Table 1 shows surface type, radius of curvature, thickness, material and the circular cone of each lens of the projection lens of embodiment 1 Coefficient, wherein, the unit of radius of curvature and thickness is millimeter (mm).
Table 1
As shown in Table 1, the image source side surface of any one lens and into image side table in the first lens E1 to third lens E3 Face is aspherical.In the present embodiment, the face type x of each non-spherical lens is available but is not limited to following aspherical formula progress It limits:
Wherein, x be it is aspherical along optical axis direction when being highly the position of h, away from aspheric vertex of surface apart from rise;C is Aspherical paraxial curvature, c=1/R (that is, paraxial curvature c is the inverse of 1 mean curvature radius R of upper table);K for circular cone coefficient ( It has been provided in table 1);Ai is the correction factor of aspherical i-th-th ranks.The following table 2 is given available for each aspherical in embodiment 1 The high order term coefficient A of minute surface S1-S64、A6、A8、A10、A12、A14And A16
Table 2
Table 3 provides total effective focal length f of projection lens in embodiment 1, the effective focal length f1 to f3 of each lens and projection The maximum angle of half field-of view HFOV of camera lens.
Parameter f(mm) f1(mm) f2(mm) f3(mm) HFOV(°)
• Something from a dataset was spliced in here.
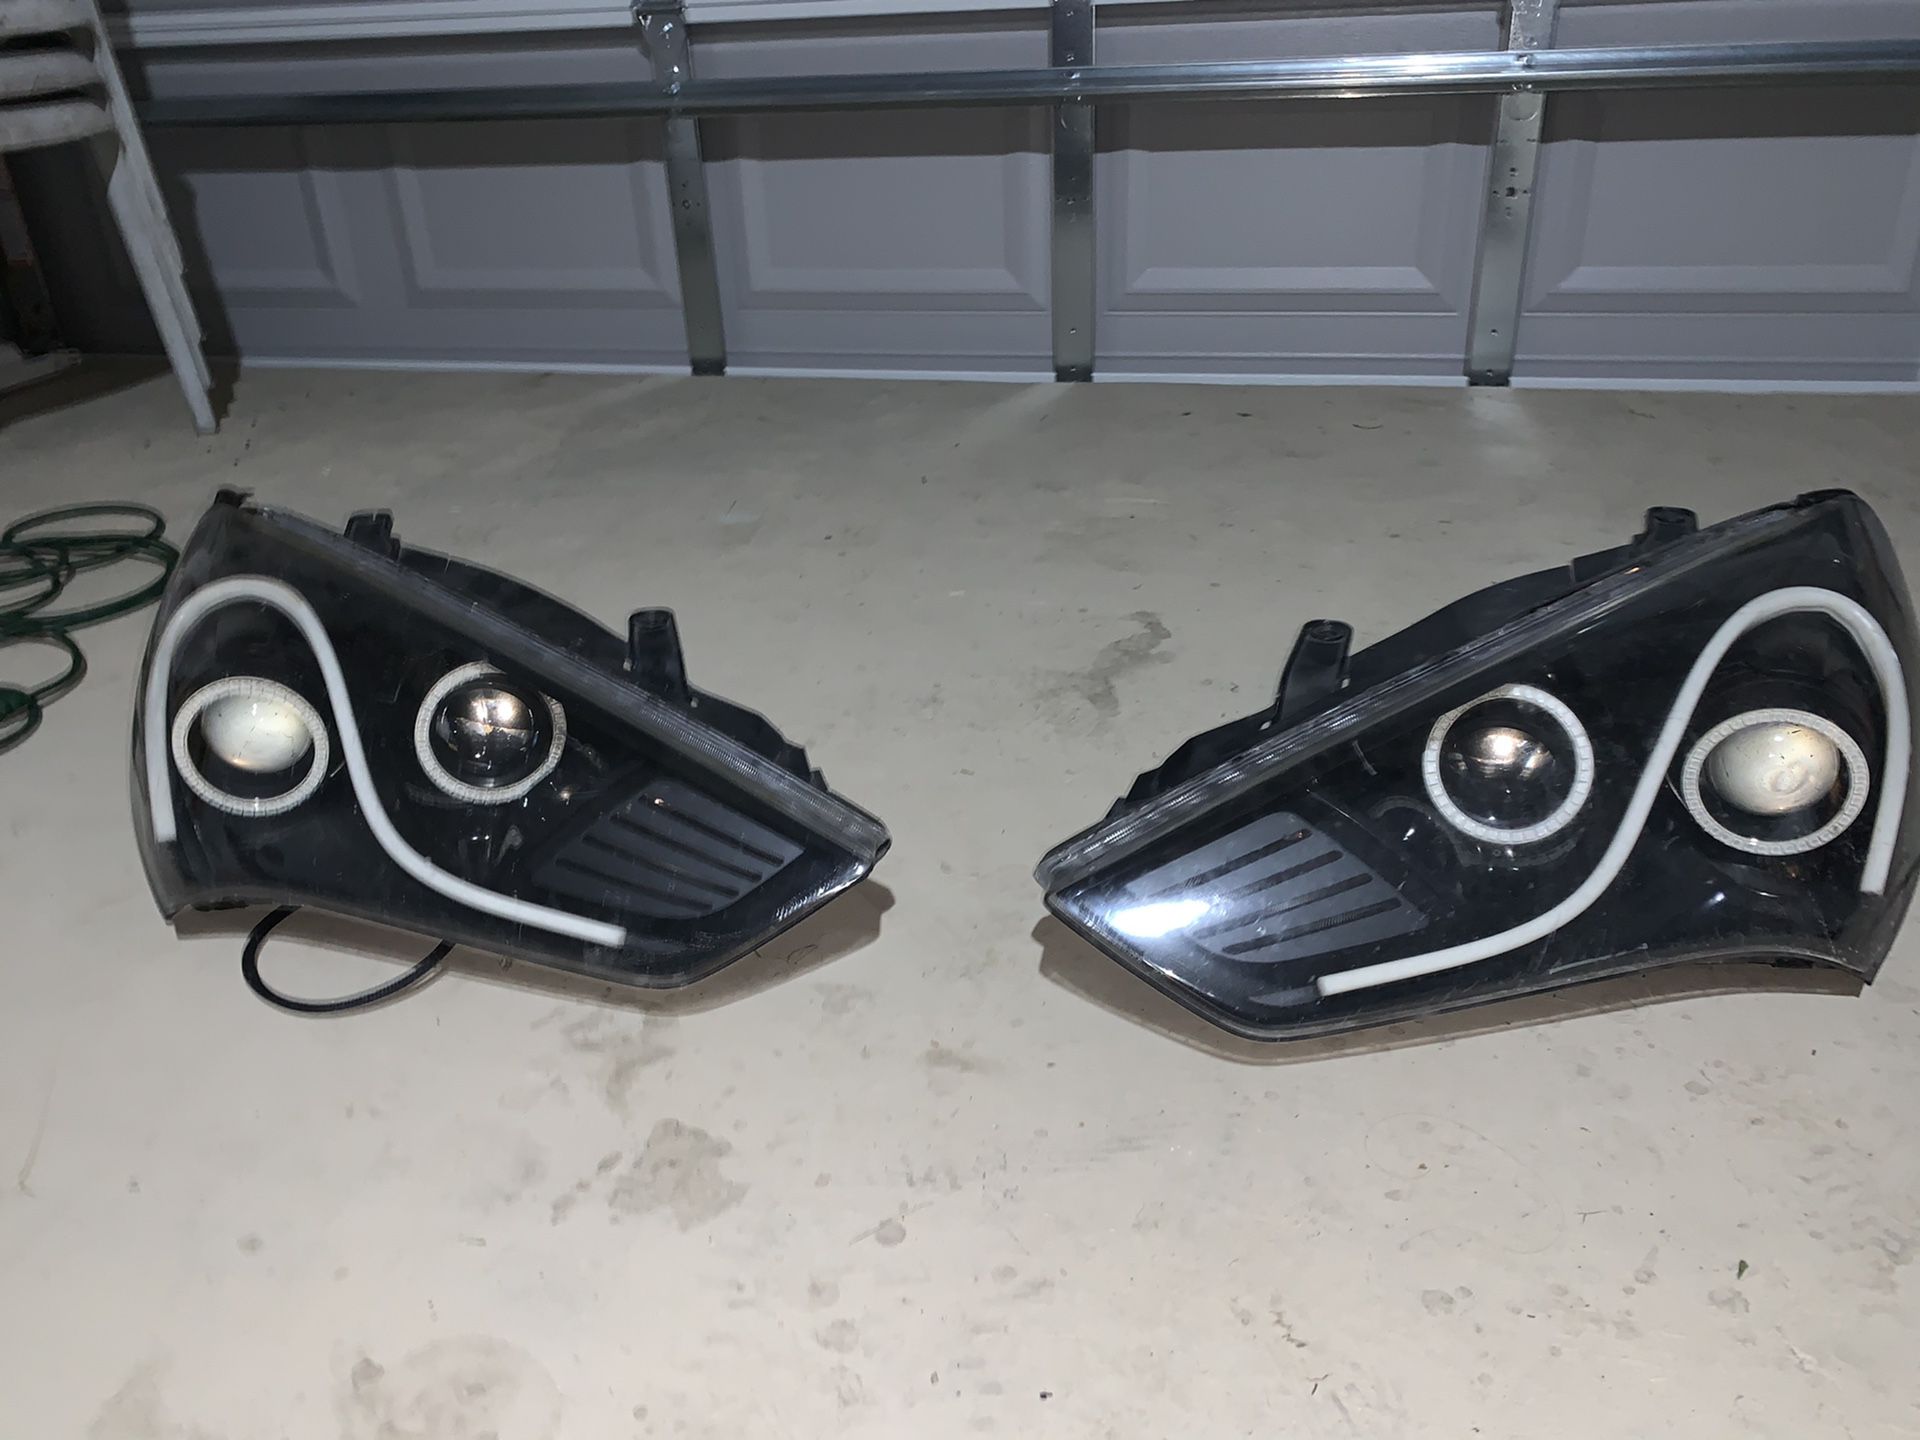 Genesis Coupe custom headlights

Numerical value 3.38 6.32 3.44 5.35 8.4
Table 3
Projection lens in embodiment 1 meets:
F3/f=1.58, wherein, f3 is the effective focal length of third lens E3, and f is total effective focal length of projection lens;
F3/f1=0.85, wherein, f3 is the effective focal length of third lens E3, and f1 is the effective focal length of the first lens E1;
R6/f=-0.30, wherein, R6 is the radius of curvature of the image side surfaces S6 of third lens E3, and f is projection lens Total effective focal length;
CT1/CT2=1.57, wherein, CT1 is the first lens E1 in the center thickness on optical axis, and CT2 is the second lens E2 In the center thickness on optical axis;
T12/CT3=0.70, wherein, T12 be the spacing distance of the first lens E1 and the second lens E2 on optical axis, CT3 It is third lens E3 in the center thickness on optical axis;
DT22/DT21=1.16, wherein, effective half bores of the DT22 for the image side surfaces S4 of the second lens E2, DT21 Effective half bore of image source side surface S3 for the second lens E2;
DT32/DT31=1.21, wherein, effective half bores of the DT32 for the image side surfaces S6 of third lens E3, DT31 Effective half bore of image source side surface S5 for third lens E3;
TTL/f=1.04, wherein, TTL be image source face OBJ to the image side surfaces S6 of third lens E3 axis on distance, f Total effective focal length for projection lens;
BF/TTL=0.16, wherein, BF is distance on the axis of the image source side surface S1 of image source face OBJ to the first lens E1, TTL is distance on the axis of image source face OBJ to the image side surfaces S6 of third lens E3.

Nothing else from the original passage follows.